Simple Linear Regression

My Statistics Topic: Simple linear regression

Ultimately, simple linear regression models a relationship between: - a predictor X (what we know) - and a response Y (what we want to predict)

Example: Hours spent jump-roping (X) -> Vertical jump (Y)

SLR mathematical model / equation:

\[Y_i = \beta_0 + \beta_1 X_i + \epsilon_i\]

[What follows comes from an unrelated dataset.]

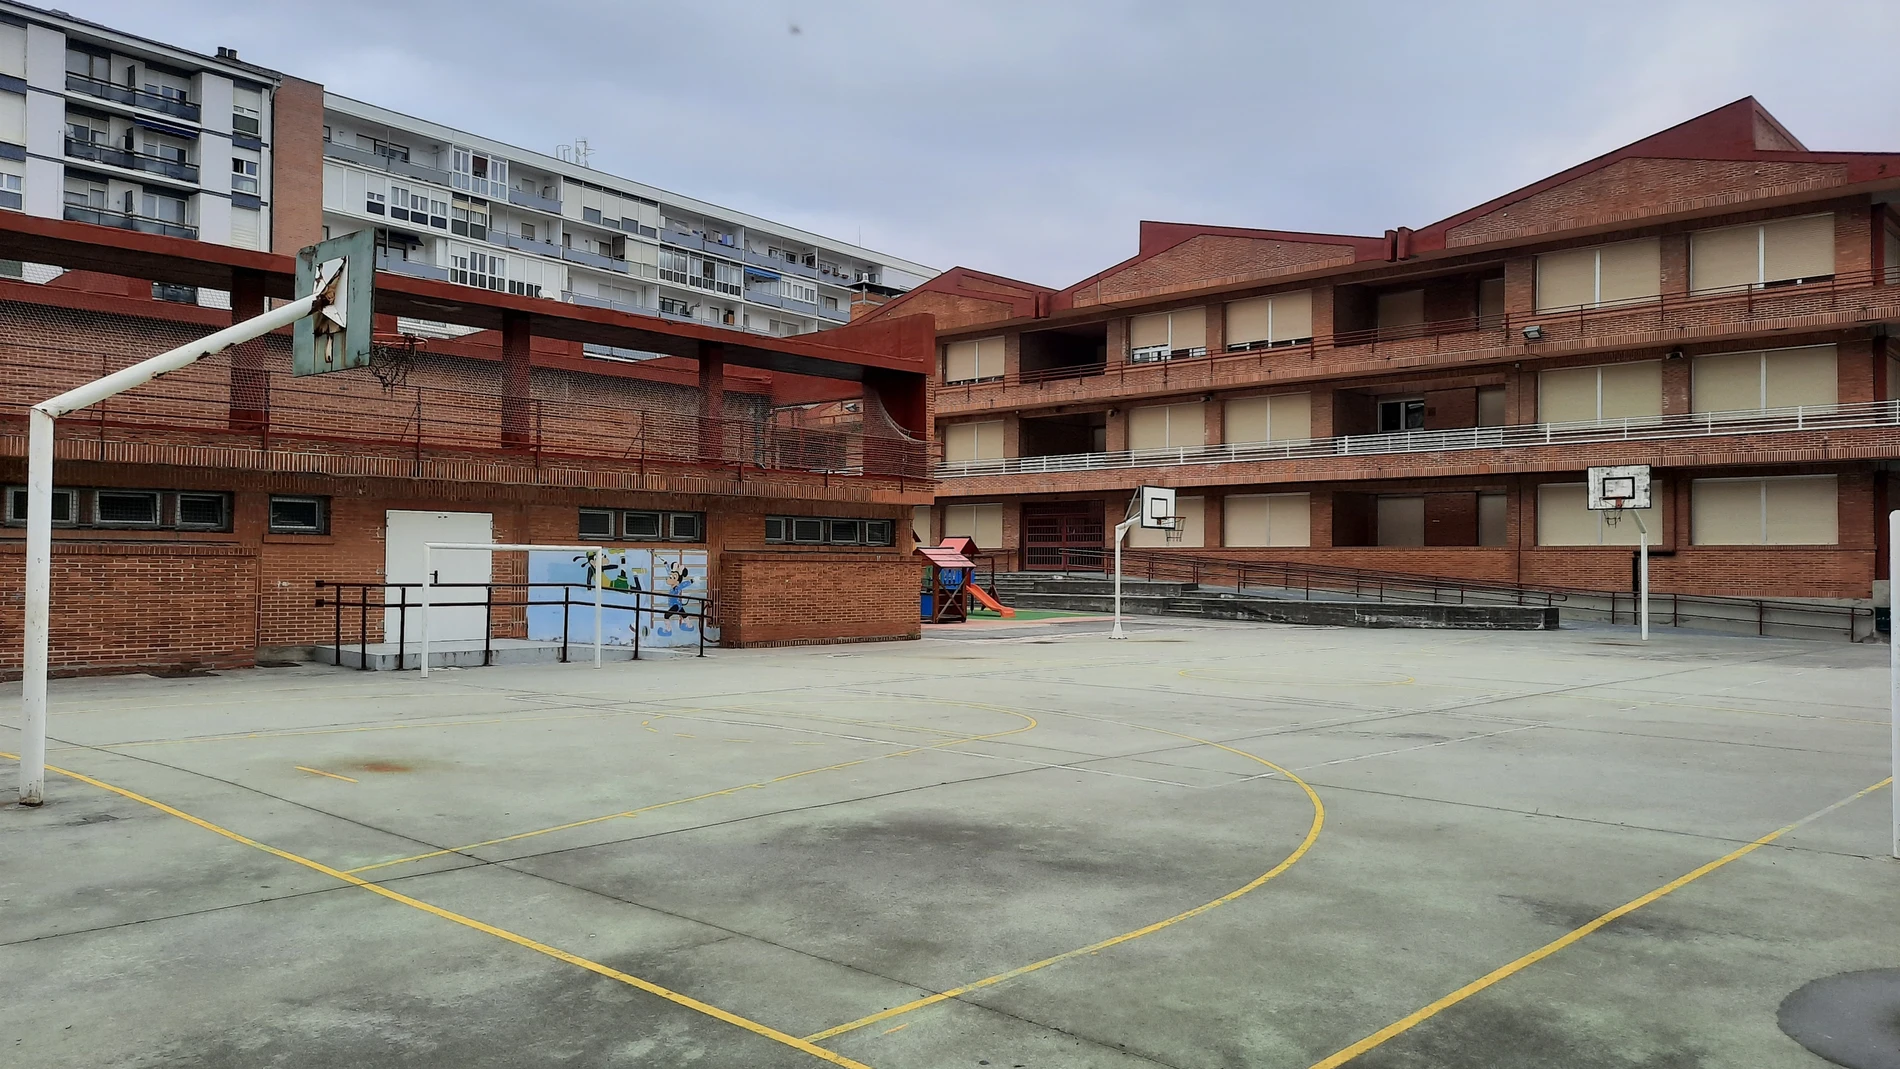 AMP.- Recetas de la OCDE ante el abandono escolar en España: Identificar centros vulnerables y fin del horario intensivo
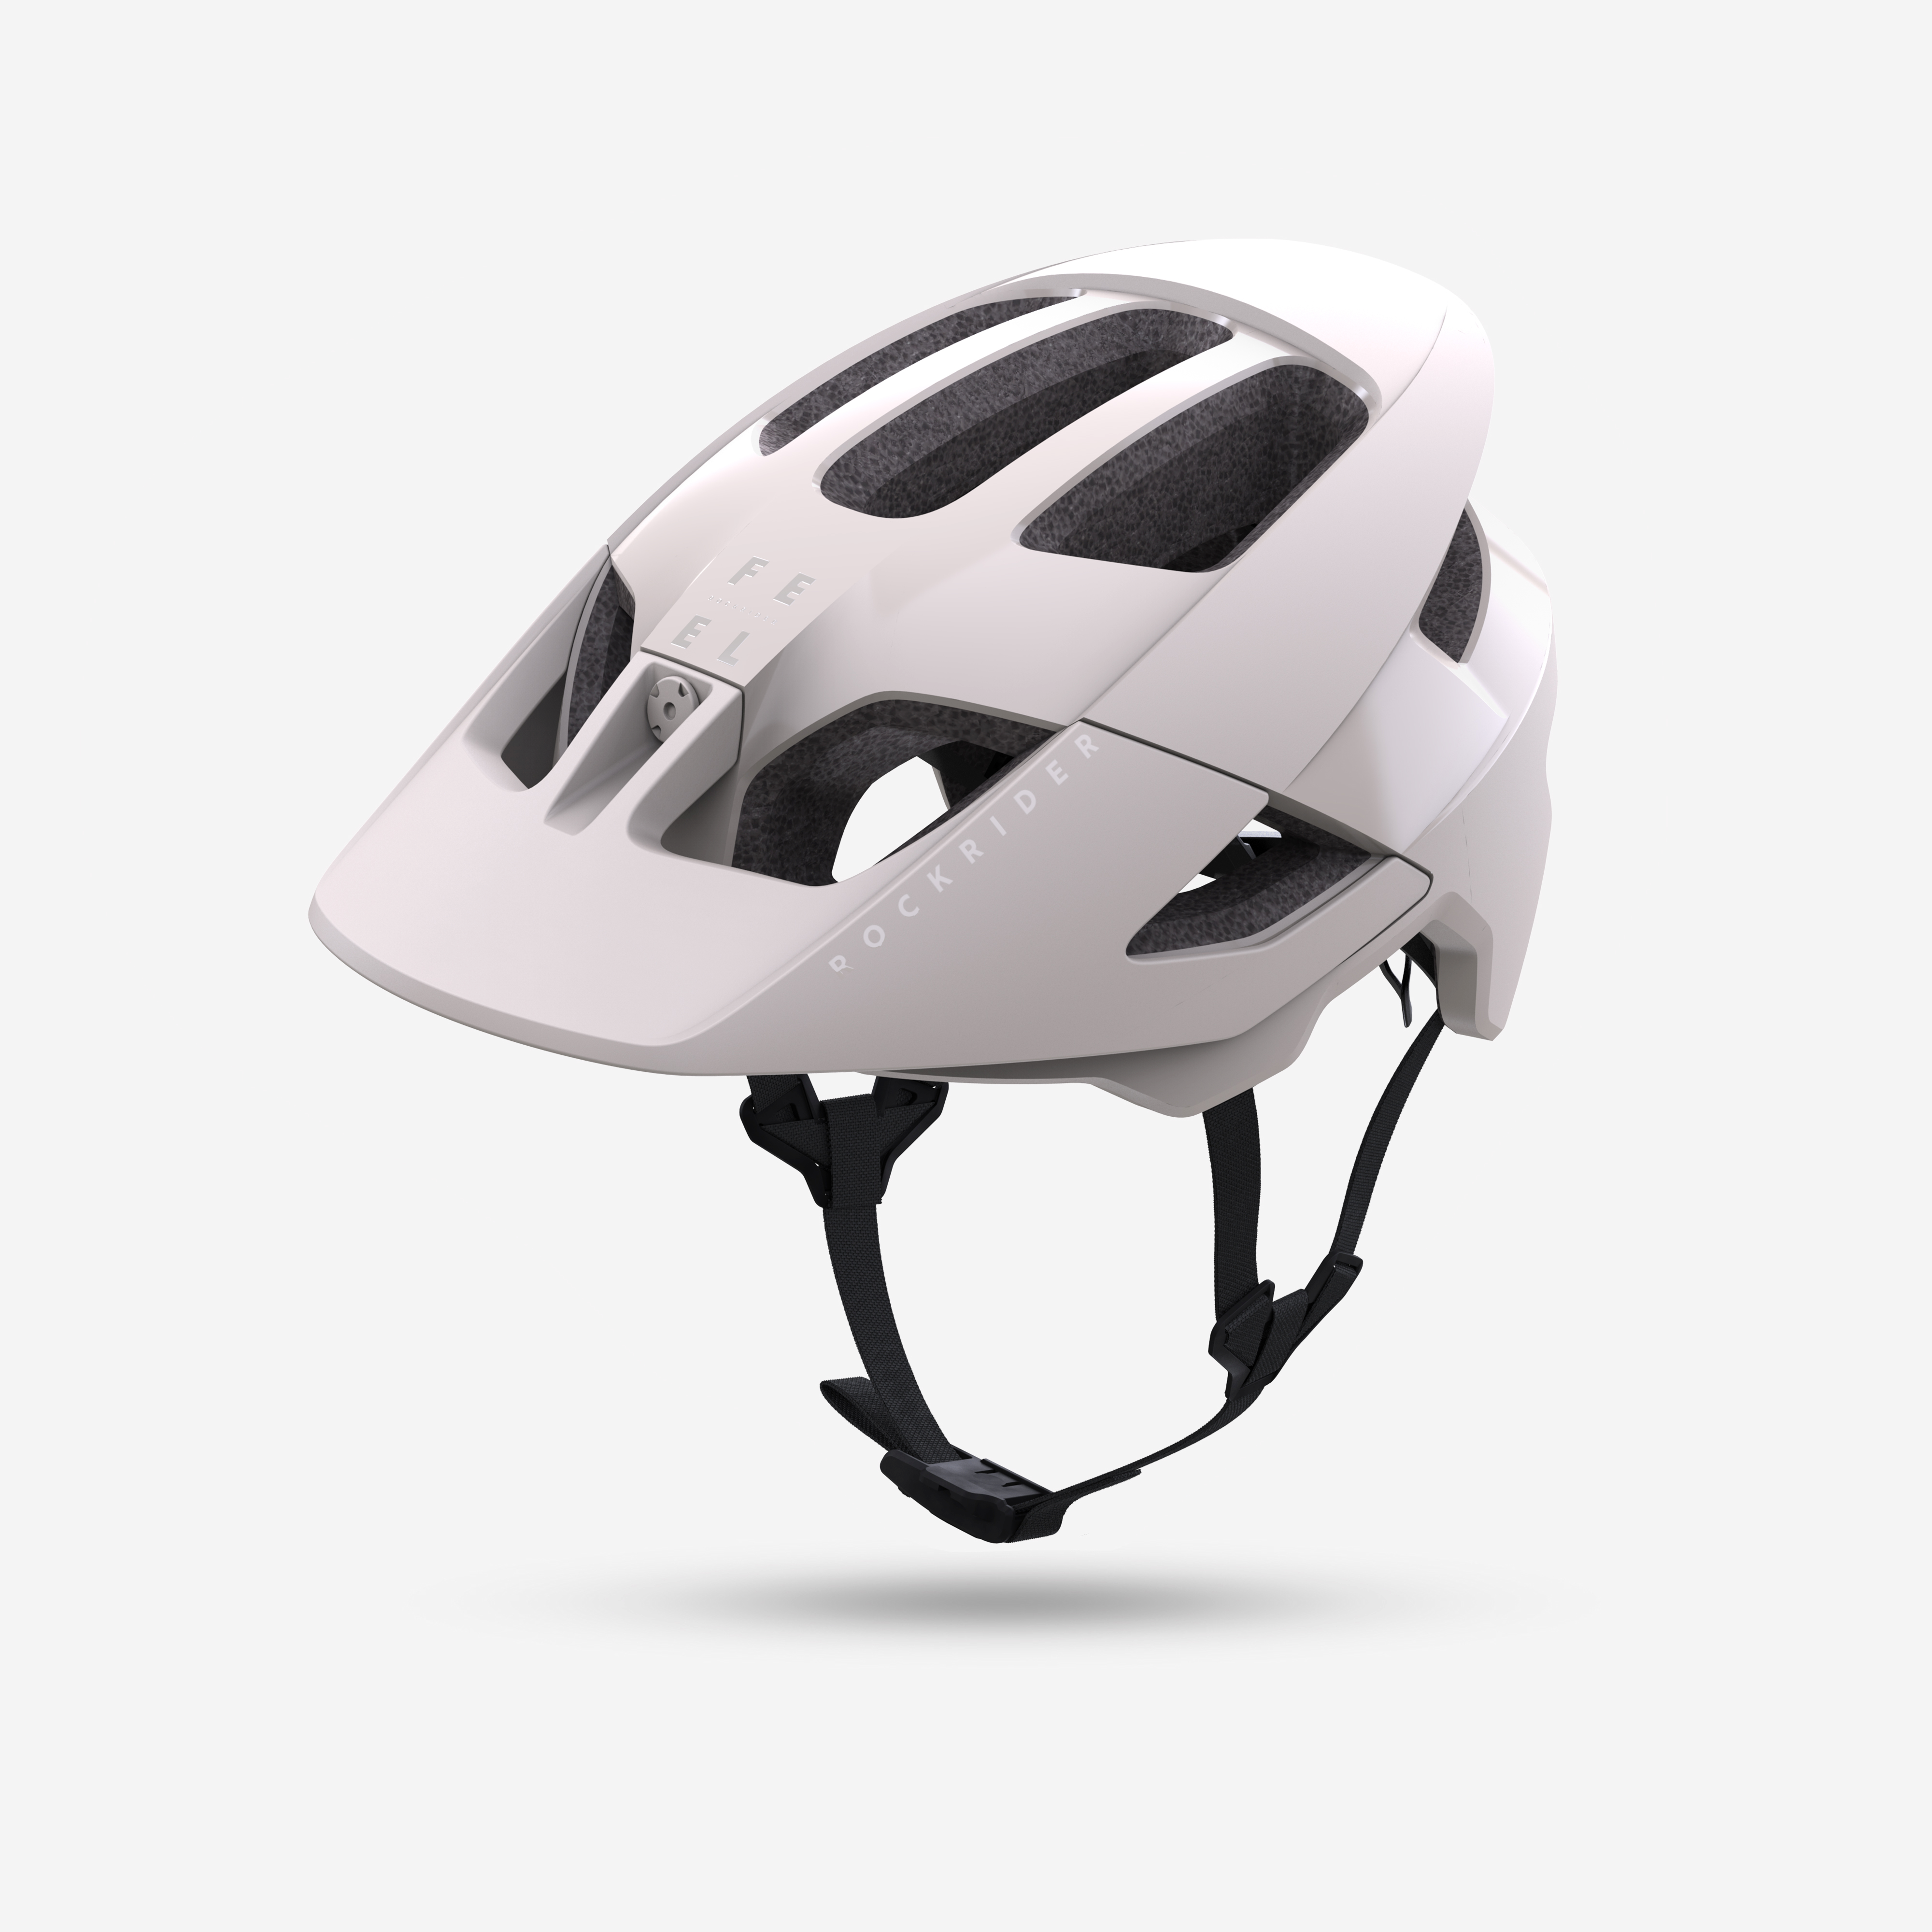 ② Housse de transport/protection pour casque cycliste

Example data (Randomly Generated)

x	y
2.655087	59.63320
3.721239	63.36479
5.728534	77.09591
9.082078	89.66829
2.016819	53.93474
8.983897	81.69062
9.446753	89.97450
6.607978	81.04311

Example scatterplot with regression line

Interpreting the slope from previous two slides

\[\hat{y} = \hat{\beta}_0 + \hat{\beta}_1 x\] - Intercept: 50.65 - Slope: 4.01 - Each extra hour jumping rope increases the predicted vertical jump by about 4.01 centimeters.

Residual plot

\[e_i = y_i - \hat{y}_i\]

The classic least squares idea

\[SSE = \sum_{i=1}^{n}(y_i - \hat{y}_i)^2\]

Plotly 3D example

R code example

fit <- lm(y ~ x, data = df)
summary(fit)
predict(fit, newdata = data.frame(x = c(2, 5, 9)))

Conclusion!!

Linear regression models a straight-line relationship.
The slope shows how the response variable changes when you alter the predictor variable.
Residuals help check if the model is reasonable, and help to visualize accuracy of the model.